Они слышали, что Лейси стало рвать; потом он тихо стонал и ругался. Это были те же грязные слова, какими он ругал Джимми, и от этого все стало как-то проще, реальнее.
Поль вышел на несколько минут, затем вернулся и сказал:
— Мы уезжаем. Вам совершенно не о чем беспокоиться, ясно? Мы оставим пациента здесь и, как только доберемся до телефона, позвоним в больницу и попросим прислать карету скорой помощи. Все, что требуется от вас, это ждать и ни о чем не тревожиться. А вот это вам за беспокойство...— Он протянул пачку кредитных билетов, и Джимми машинально взял ее.— Если кто-нибудь станет расспрашивать, говорите просто, что ничего не видели и ничего не знаете. Очень сожалею, что обеспокоил, но иначе нельзя было. Ну, спокойной ночи!
И властный молодой человек вышел. Слышно было, как он и его спутники спускаются по ступенькам крылечка, как тронулся автомобиль. Супруги не пошевельнулись, пока не наступила полная тишина. Потом в соседней комнате раздался стон.
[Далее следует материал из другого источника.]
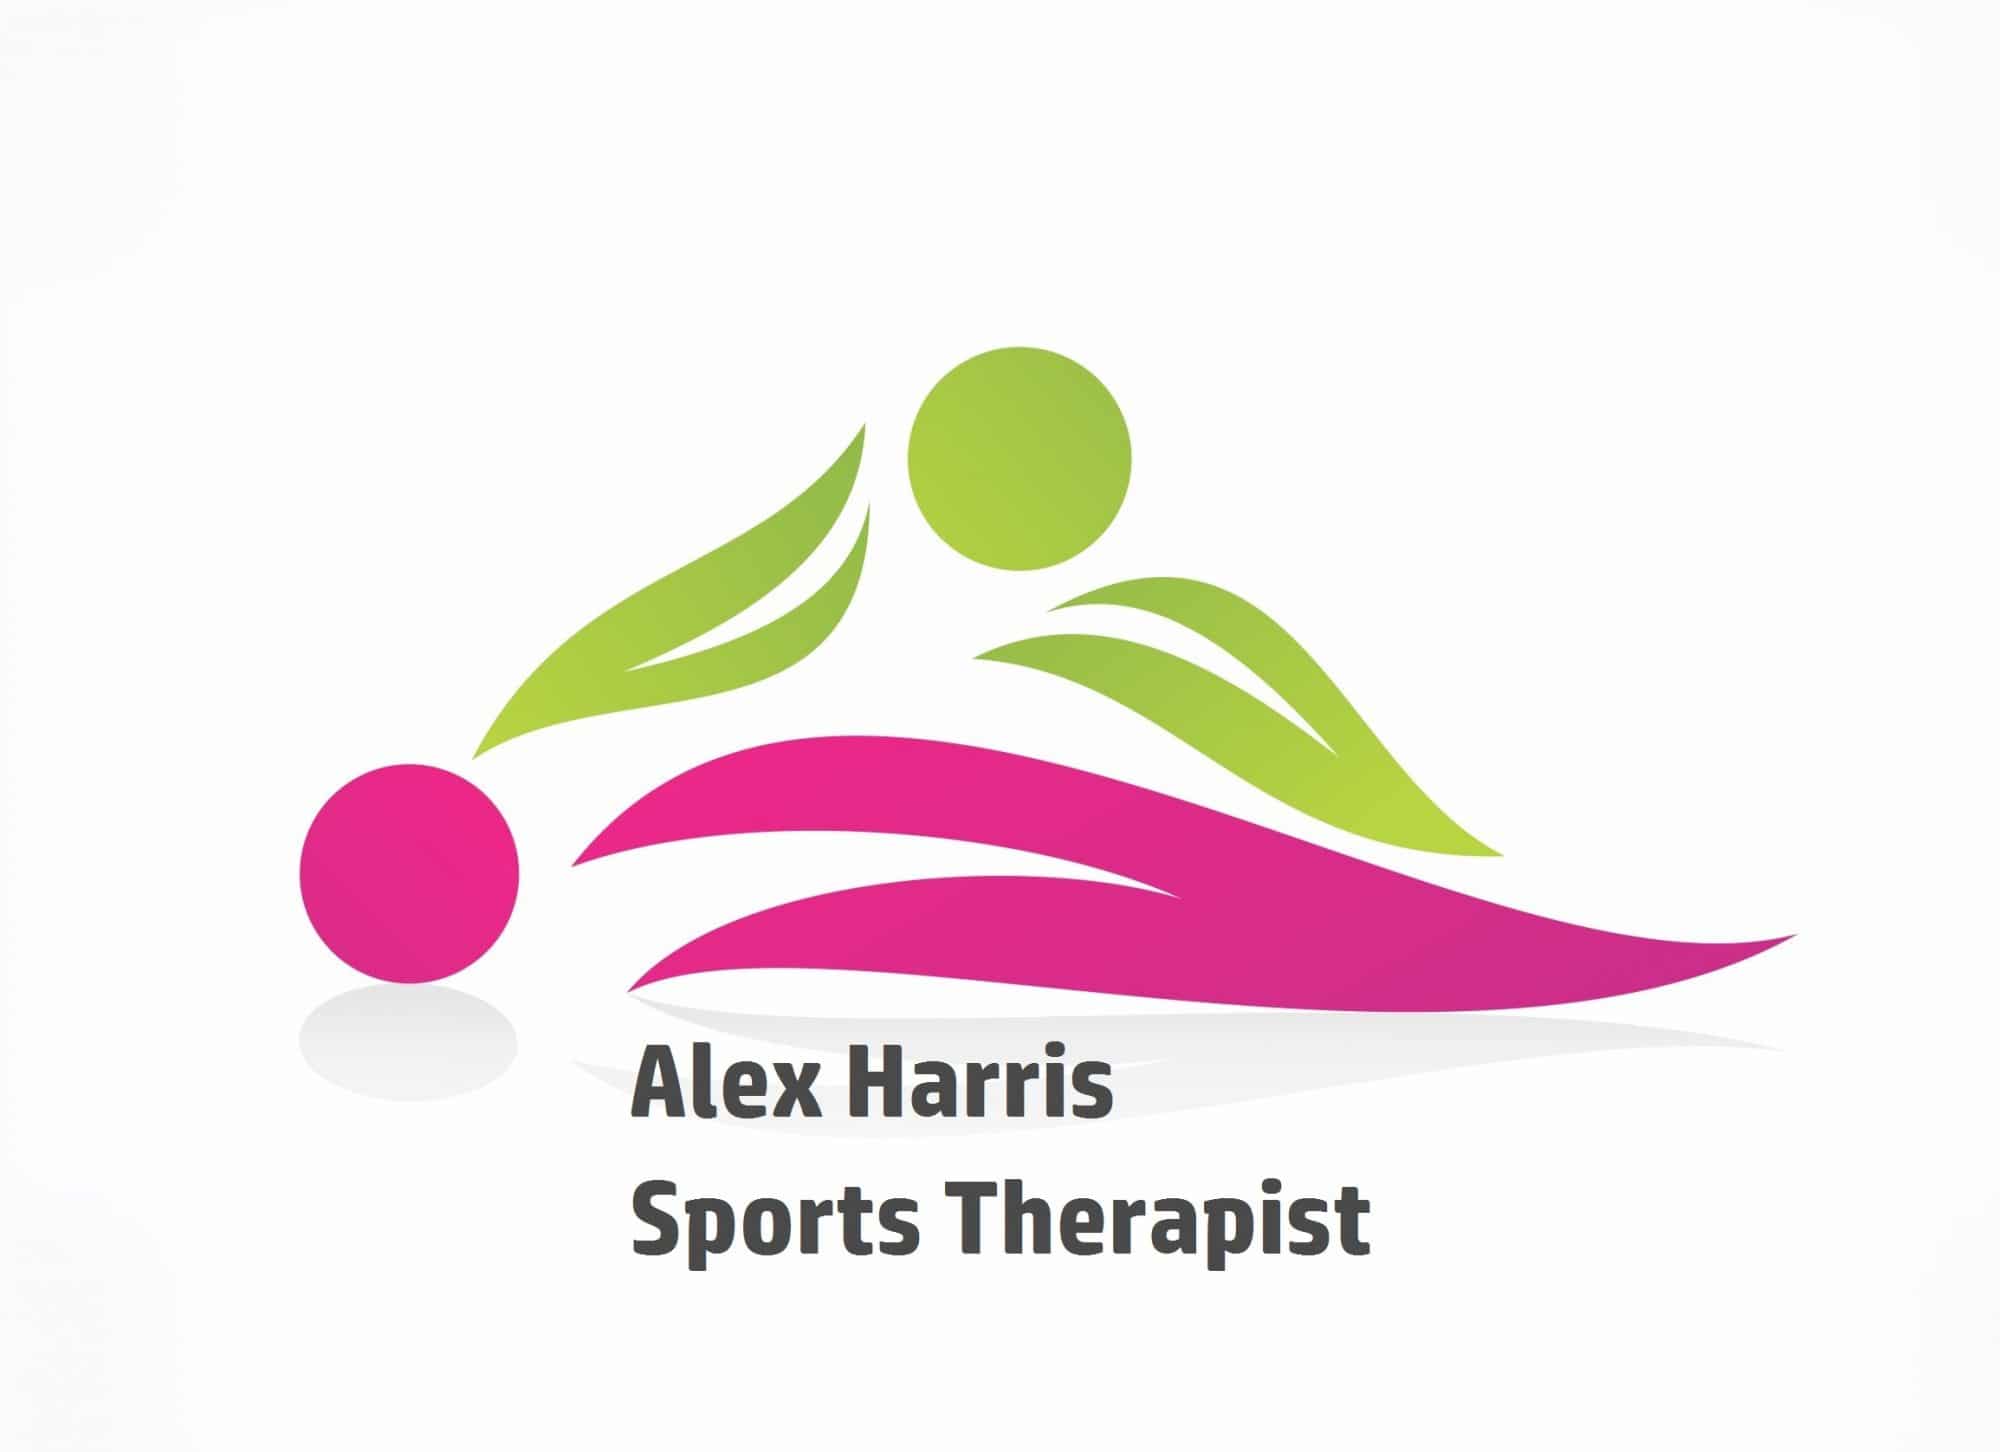 massages clipart athletic therapist

Джимми встал, дрожа подкрался к двери и чуть приоткрыл ее. В комнате было совсем темно.
— Воды! — простонал Лейси. Джимми вернулся на цыпочках в переднюю комнату, взял лампочку и, снова подойдя к двери, заглянул: Лейси лежал на полу, покрытый простыней,— виднелась только голова на подушке. Лицо у него пожелтело и было искажено от боли.
— Пить! Воды! — всхлипнул он.
Джимми бросился искать стакан, зачерпнул воды из ведра и принес Лейси. Но тот не мог лить — его вырвало. Он лег навзничь, тихонько всхлипывая. Вдруг он заметил, что Джимми смотрит на него, и глаза его загорелись ненавистью.
— Вот что ты сделал со мной, мразь проклятая!
I
Приехала карета скорой помощи, и два санитара унесли на носилках молодого Гренича. Джимми распахнул все окна, чтобы отделаться от запаха эфира, и снова уселся рядом с Лиззи. Так они просидели несколько часов, перебирая все подробности ужасного происшествия и теряясь в догадках. Джимми взглянул на пачку денег: десять бумажек — новеньких, хрустящих, светло желтых, и на каждой стоит цифра двадцать.
Первый раз за всю свою жизнь эти простые, маленькие люди держали в руках такую сумму. Конечно, это были кровавые деньги, но если бы они их не взяли — кому была бы от этого польза? Сделанного все равно не вернешь, даже за все деньги, которые старый Гренич накопил в своих подвалах!
Джимми молчал, как ему велели, и, очевидно, никто не обмолвился об его участии в этом деле, поскольку ни один репортер не приехал в его деревенский домик просить интервью. Но когда через два-три дня он зашел в лавочку на перекрестке, оказалось, что история уже известна — все только о ней и говорят. Она попала в печать, телеграф разнес ее по всему свету, и люди, читая, ужасались. Для социалистов этот случай послужил отличной иллюстрацией влияния чрезмерного богатства на мораль.